Feature Article |
Drew Gilpin Faust and the Incredible Shrinking Harvard
By Richard Bradley
Faust has groused to associates that she is not happy about the amount of time she must now devote to financial matters. Even though she is said to have delegated most of the economic oversight to executive vice president for finance Ed Forst, she has been meeting with deans and department heads to discuss their new budgets, instructing them to plan for 15 percent cuts. And however diligently she ducks the media, she is inevitably the public face of the university's hardships. Sometimes, it seems as if she's straining to change the subject. Recently Faust sent a mass e-mail to alums in praise of some students who spent their spring break volunteering, not usually the type of thing meriting a presidential missive. "It's been tough on her," says one
colleague. "She's been beaten up a lot."
This spring Harvard offered early retirement to some 500 FAS staffers. Only about 150 accepted, which means the university will likely have to fire people—probably in the summer, to minimize bad press and potential commencement protests. A campus group calling itself the Student Labor Action Movement (S.L.A.M.) has taken to parodying a pro-environment slogan Faust has been pushing: The president's "Green is the new Crimson" has become "Greed is the new Crimson." In April members of S.L.A.M. loudly interrupted Faust's lunch in a house dining hall and presented her with a T-shirt bearing their mantra. She's not unsympathetic to such passions; as an undergraduate herself at Bryn Mawr, Faust traveled to Alabama on a civil rights protest. But it was the latest sign that her honeymoon is over.

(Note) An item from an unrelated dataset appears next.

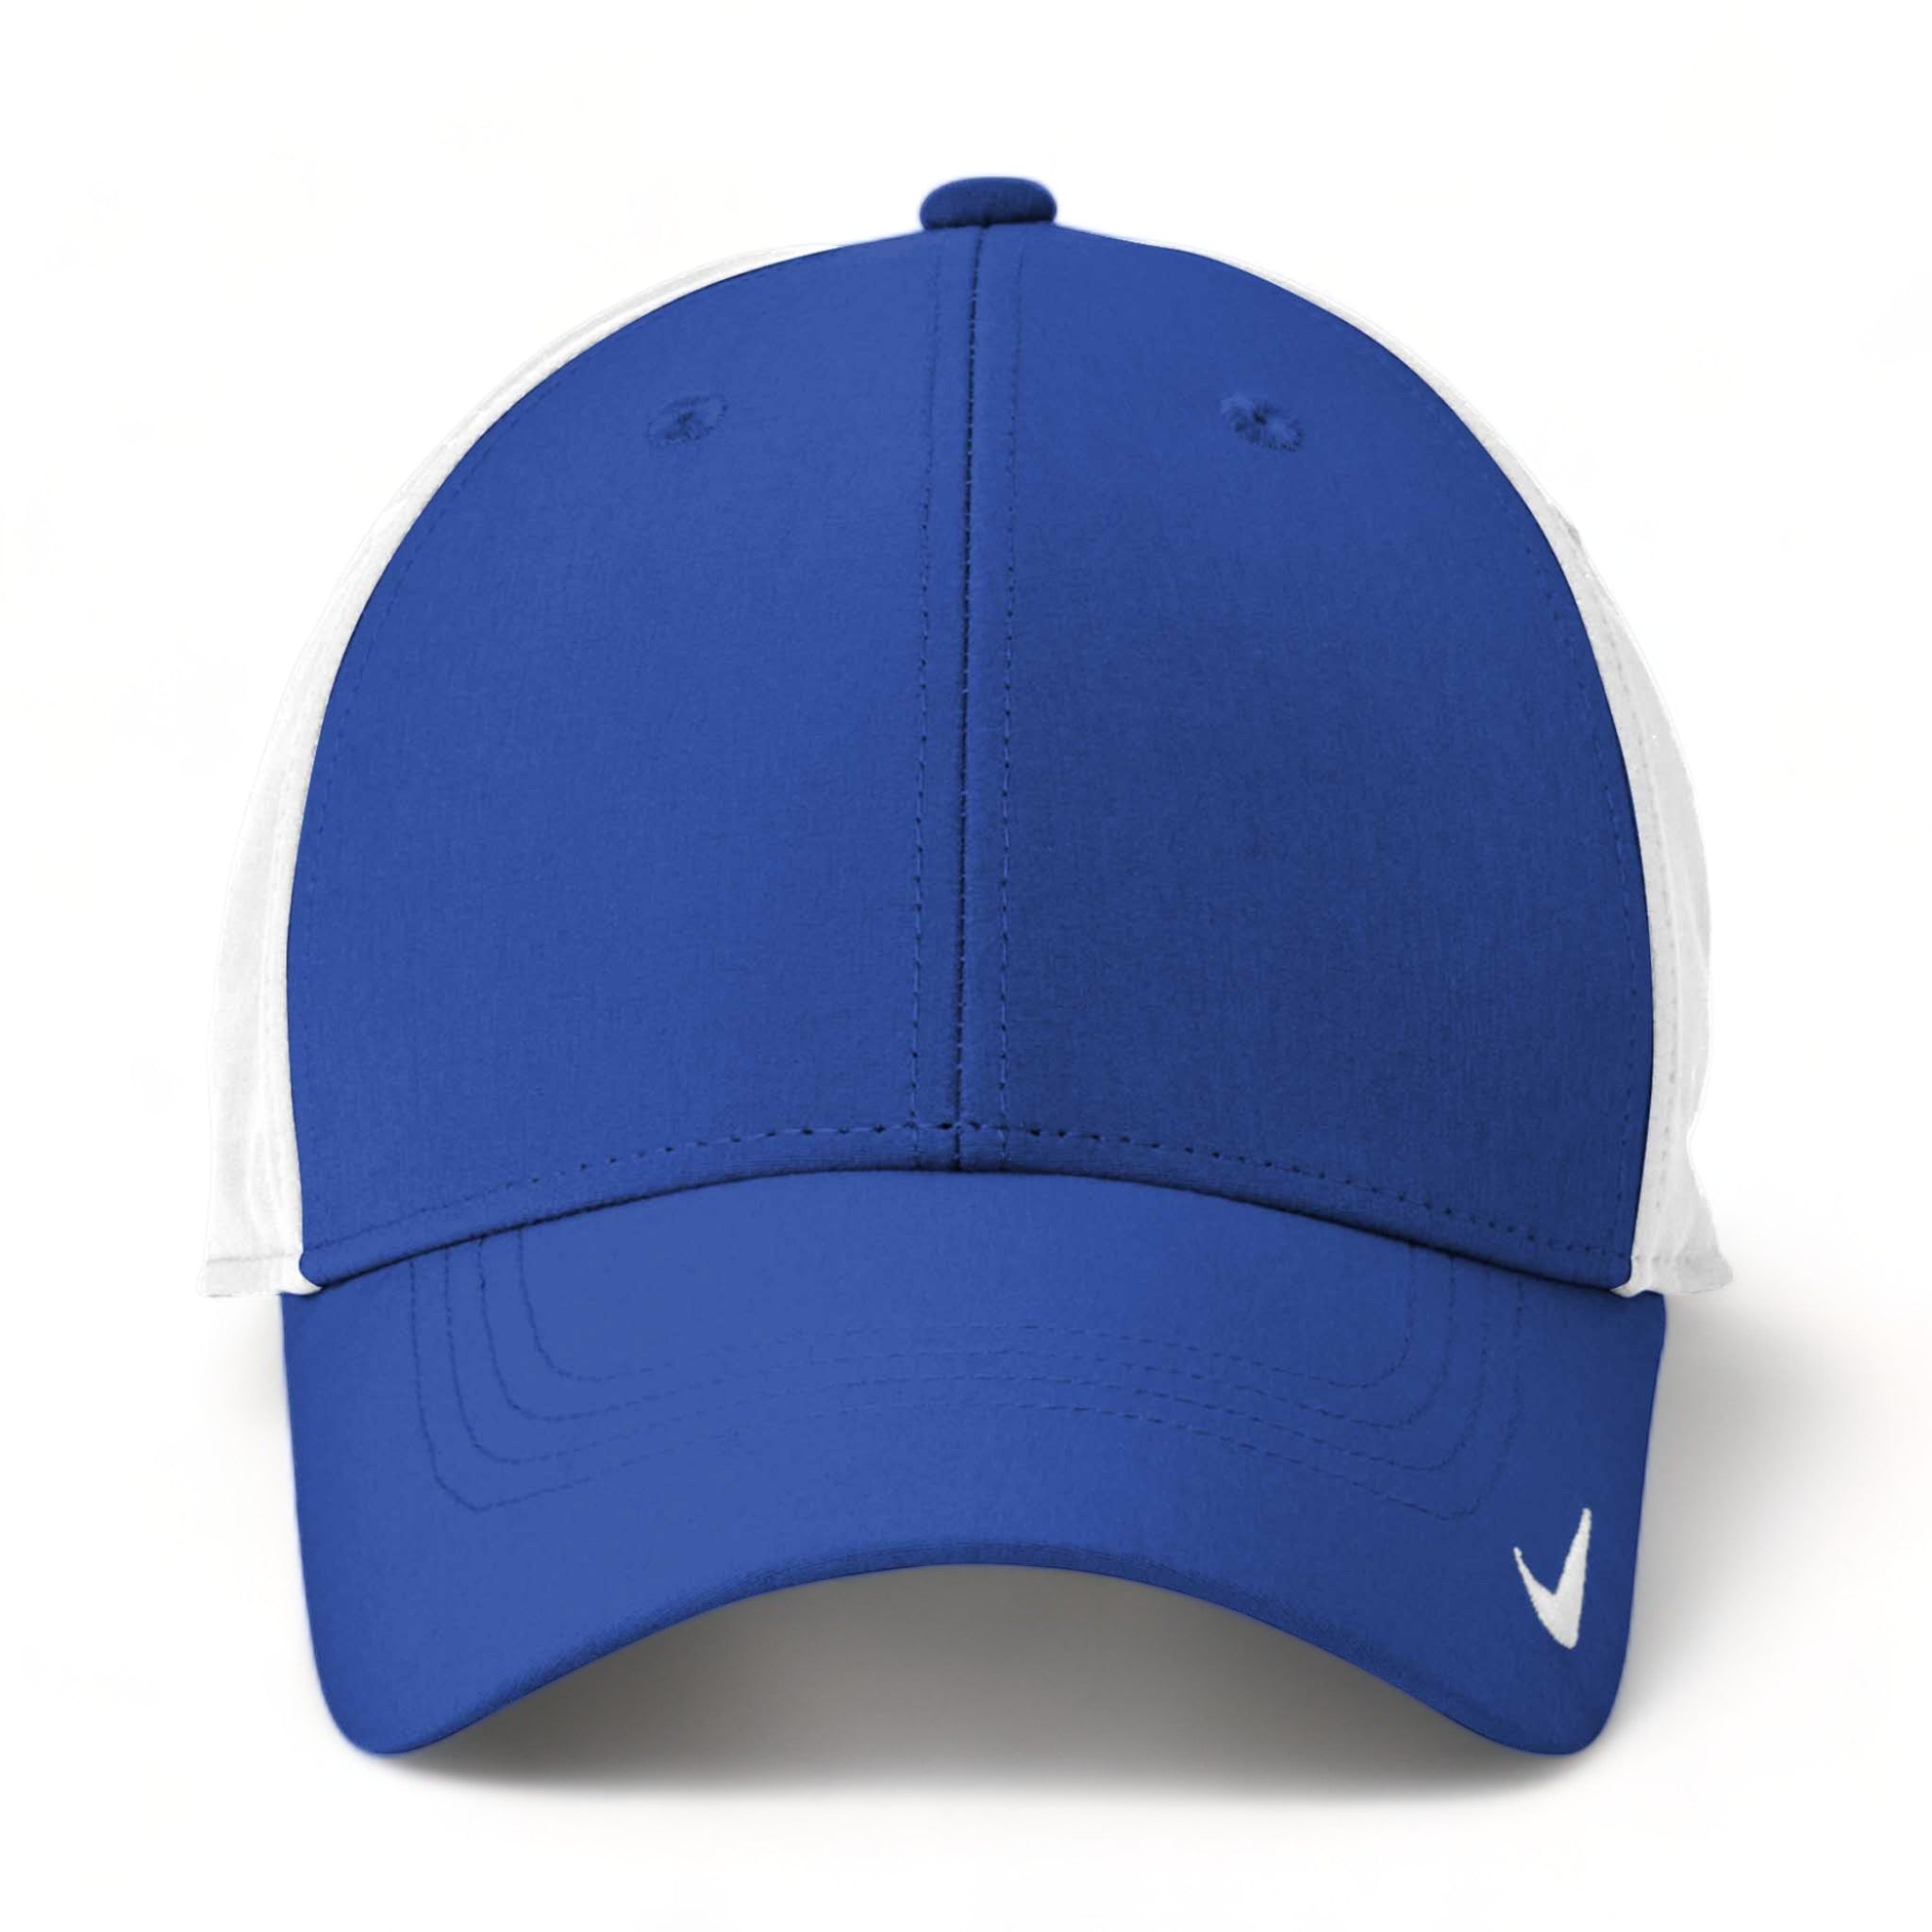 Front view of Nike NKFB6447 custom hat in game royal and white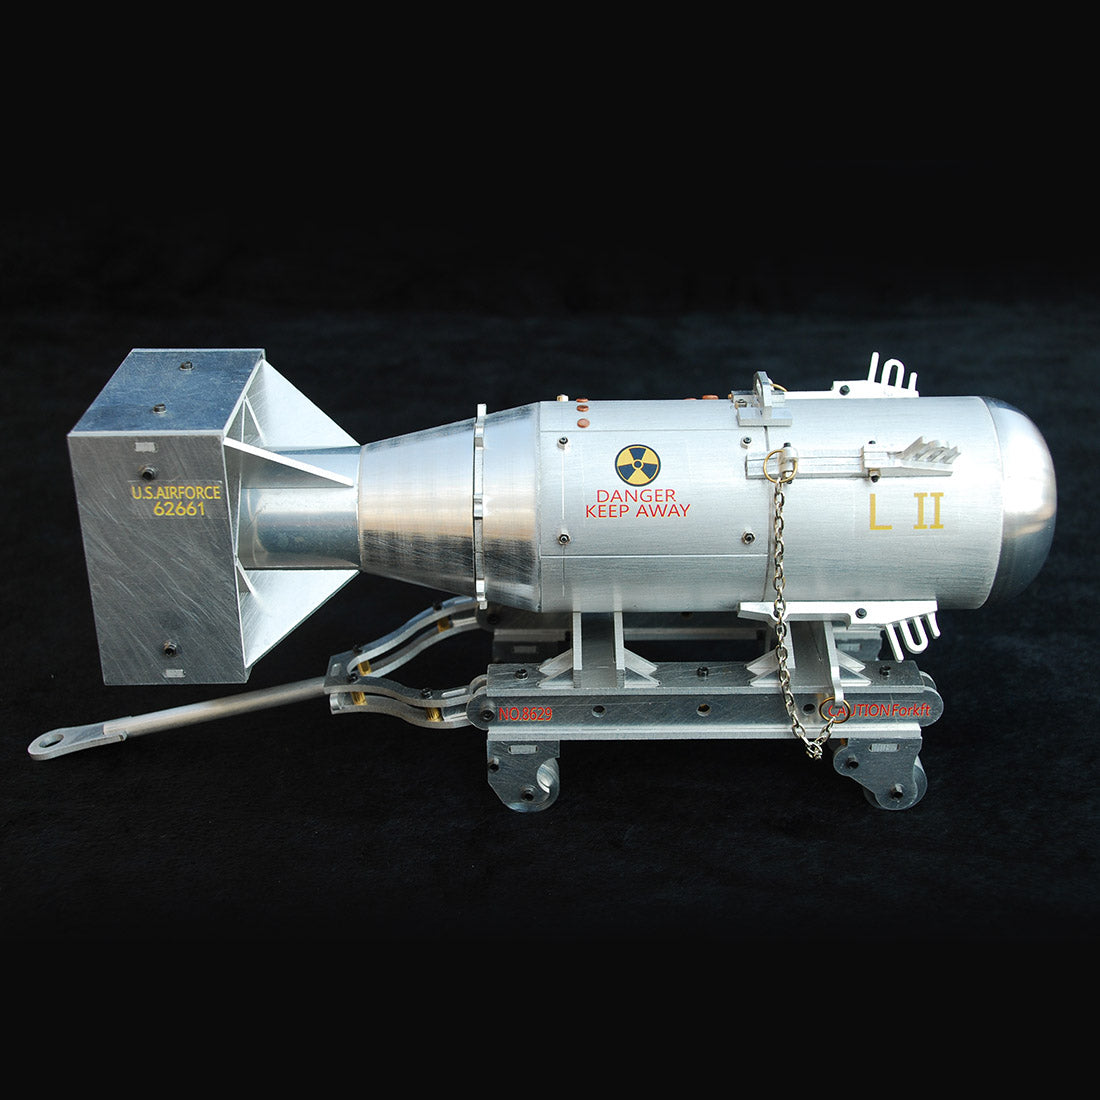 WWII 1/12 Scale Atomic Bomb 3D Metal Model Military Assembly Toy

Increasingly, money dominates the Harvard conversation. On April 14, FAS dean Mike Smith, a Faust appointee, held an open meeting in a packed Sanders auditorium. Sitting on a stool and occasionally tapping on a laptop, he delivered alarming news: Despite efforts to close the budget gap, FAS was facing an ongoing annual $220 million deficit. And by the 2011 fiscal year, the university would be cutting FAS's annual infusion of endowment cash by $125 million.
There were no more inefficiencies, Smith said, no loose dollars here and there. "It is extremely important for us to think deeply about how we not only resize our activities...[but] to really start thinking about reshaping these activities."
The "reshaping" is already more dramatic than the word suggests. The career services office is talking about closing for a month in the summer; other offices are expected to take similar furloughs. The library system, its budget pared by 31 percent, is cutting back on hours and book purchases, and the Quad Library is closing altogether. The college's "January term," part of a much-ballyhooed new curriculum, is now dead. Harvard has already halted the hiring of junior faculty and announced an early retirement program for tenured professors, and for the first time ever is considering laying off tenured professors. Funds for housemasters are being slashed by one-fourth, and even the hot breakfasts the houses served on weekdays are out. Meanwhile, idled cranes bow over the pit in Allston, as if in mourning.
"The grumbling" of faculty discontent "is growing louder, no longer whispered but said in front of strangers," one professor e-mailed me. The faculty worries that the low-key style that was once seen as a welcome change is actually a sign that Faust was unprepared for the job and is now in over her head.
"Everybody says they like her," this professor wrote, "but she doesn't know anything."
In the midst of its economic pain lies an opportunity for Harvard. It can reconsider itself, restate its core values. It can conduct the kind of soul-searching that should have been sparked by Larry Summers—intentionally or not—but was lost in the mad rush to oust him.
"If Harvard is honest," says one high-powered alum active in university affairs, "we'll say, ‘We want a sustainable, long-term, top-notch university. And we can't be all things to all people. What we can do is excel, and that means we have to live within our means.'"
Drew Faust just might be an ideal president to steer that university, a president comfortable with humility, one whose professional ambitions have always been tempered by intractable circumstance. A chastened Harvard could be well led by a woman who has never allowed herself to indulge in illusions of grandeur. But first, she will have to provide that clear leadership.
At Dudley House that day, one of the graduate students asked Faust a question about the impact of budget cuts. He prefaced it by thanking her, saying, "We all know you didn't sign up for this."
Her face carefully expressionless, Faust didn't acknowledge the sentiment. Nor, particularly, did she answer the question.
RICHARD BRADLEY is editor in chief of Worth and the author of Harvard Rules: The Struggle for the Soul of the World's Most Powerful University.